Now equipped with a grill pan, a whole new chapter in Jamie Oliver's cookbook opened up to me (not much of an exaggeration there, we now have access to a lot more recipes). I wanted to start our foray in the world of grill pan cooking with something that said 'summer' - and I found just the recipe I was looking for.

The Recipe: Chicken Fajitas
Original Recipe Found In: Jamie's Food Revolution: Rediscover How to Cook Simple, Delicious, Affordable Meals

What You'll Need:

1 Red Bell Pepper
1 Medium Onion
2 Skinless, Boneless Chicken Breasts
1 Tsp. Paprika
1 Lime
Flour Tortillas

The Recipe: Fresh Garden Salsa
Original Recipe Found In: Jamie's Food Revolution: Rediscover How to Cook Simple, Delicious, Affordable Meals

What You'll Need:

1 Red Chile
15 Grape or Cherry Tomatoes
1 Bunch Fresh Cilantro
1 Lime

Begin by slicing you bell pepper. Now - I had never really encounter a bell pepper before, so I had to turn to our old standby Cook's Bible to give me pointers on attacking the fruit (YES - fruit. Remember, any 'vegetable' with seeds is technically deemed a fruit - this goes for tomatoes, pumpkins, cucumbers and the like. I don't want any emails arguing to the contrary!)

Red Pepper

If this is your first go-round with a bell pepper, allow me to give you a few pointers. Begin by using a paring knife to slice around the stem at the top and pop it out of the pepper. Next, slice the pepper into two larger halves. Take this opportunity to scoop out any seeds or other pepper 'guts' that are inside. (I used our melon baller to scoop out the insides of our pepper - it worked very nicely.) From here, you are free to use the pepper in whatever way your recipe calls for. In our recipe, we need to slice the pepper into thin strips. I also halved this strips, to keep them from being overly long.

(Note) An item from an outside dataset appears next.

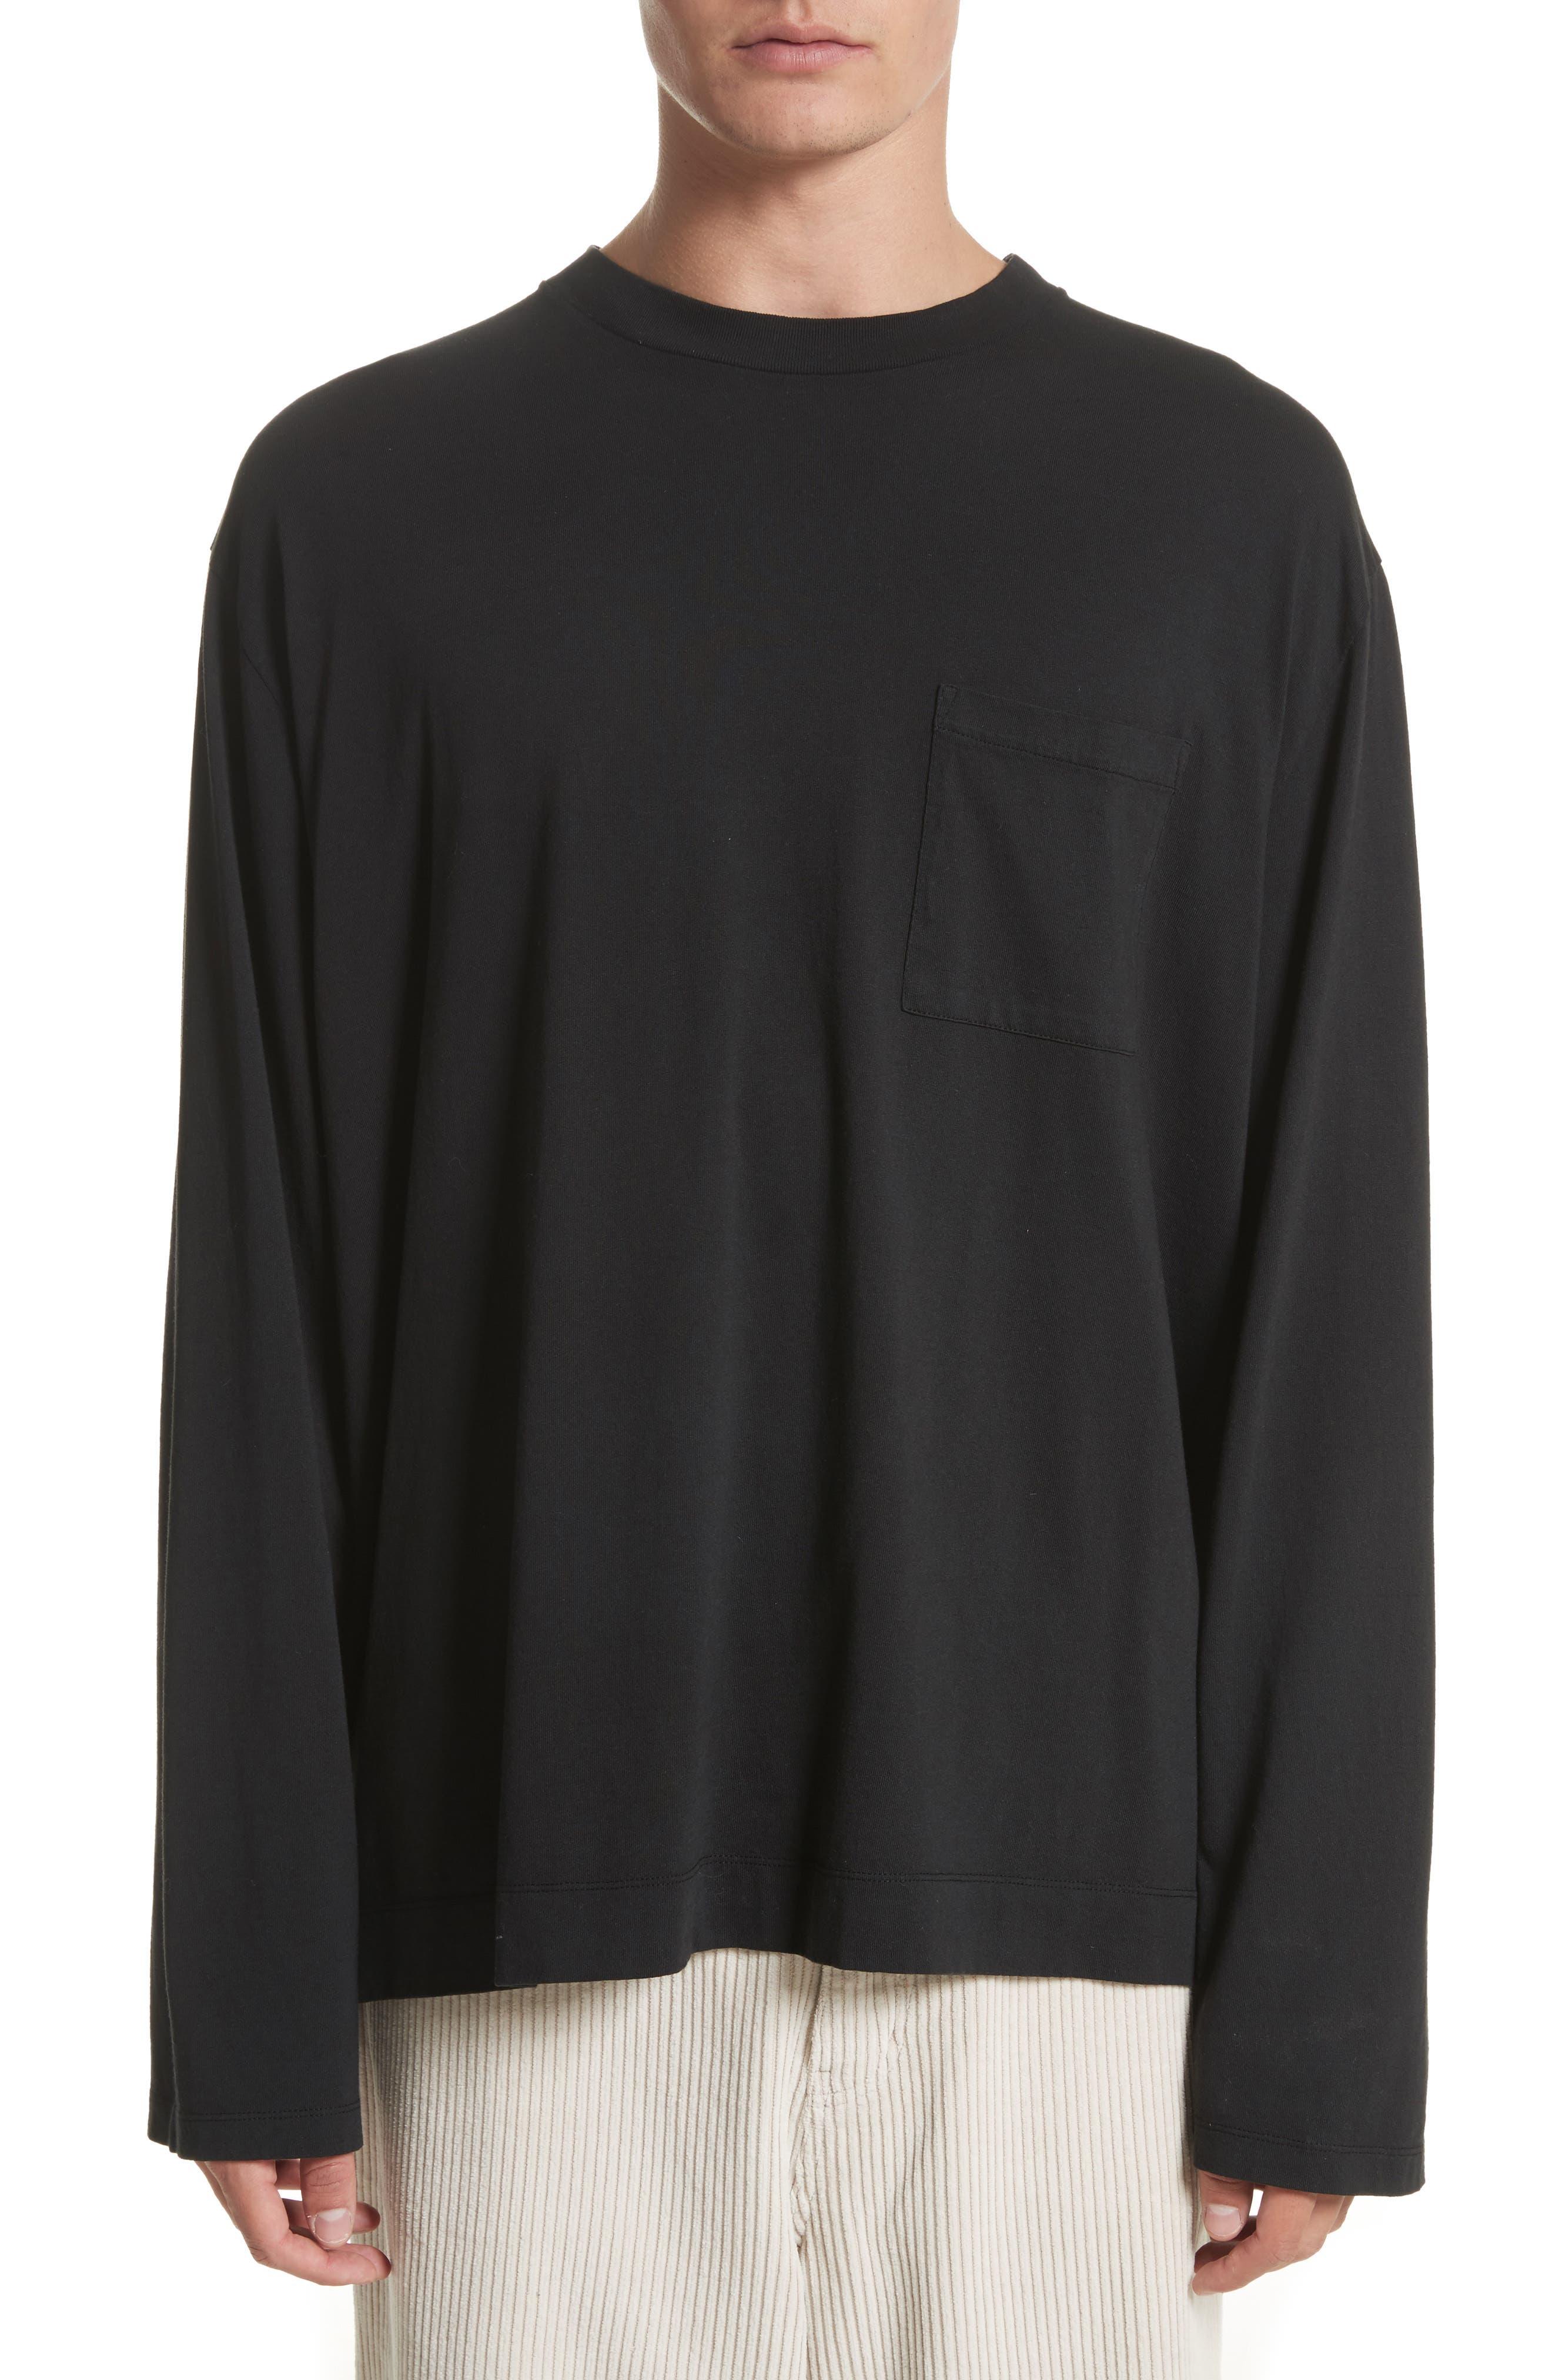 Main Image - OUR LEGACY Long Sleeve Pocket T-Shirt

Set your pepper slices aside in a large mixing bowl. Next, slice your chicken breasts into long, thin strips as well. Add those to the bowl with the peppers. Finally, peel and chop your onion (As usual, I used our OXO smart chopper and saved a lot of time and effort) and add those to the bowl. Top everything off with some paprika and a pinch of ground cumin. Add the juices of 1/2 of a lime and a pinch of salt and pepper. Finally, drizzle a lug of olive oil over the whole lot and mix well. Once mixed, set the bowl aside in the refrigerator to marinate while you make the salsa.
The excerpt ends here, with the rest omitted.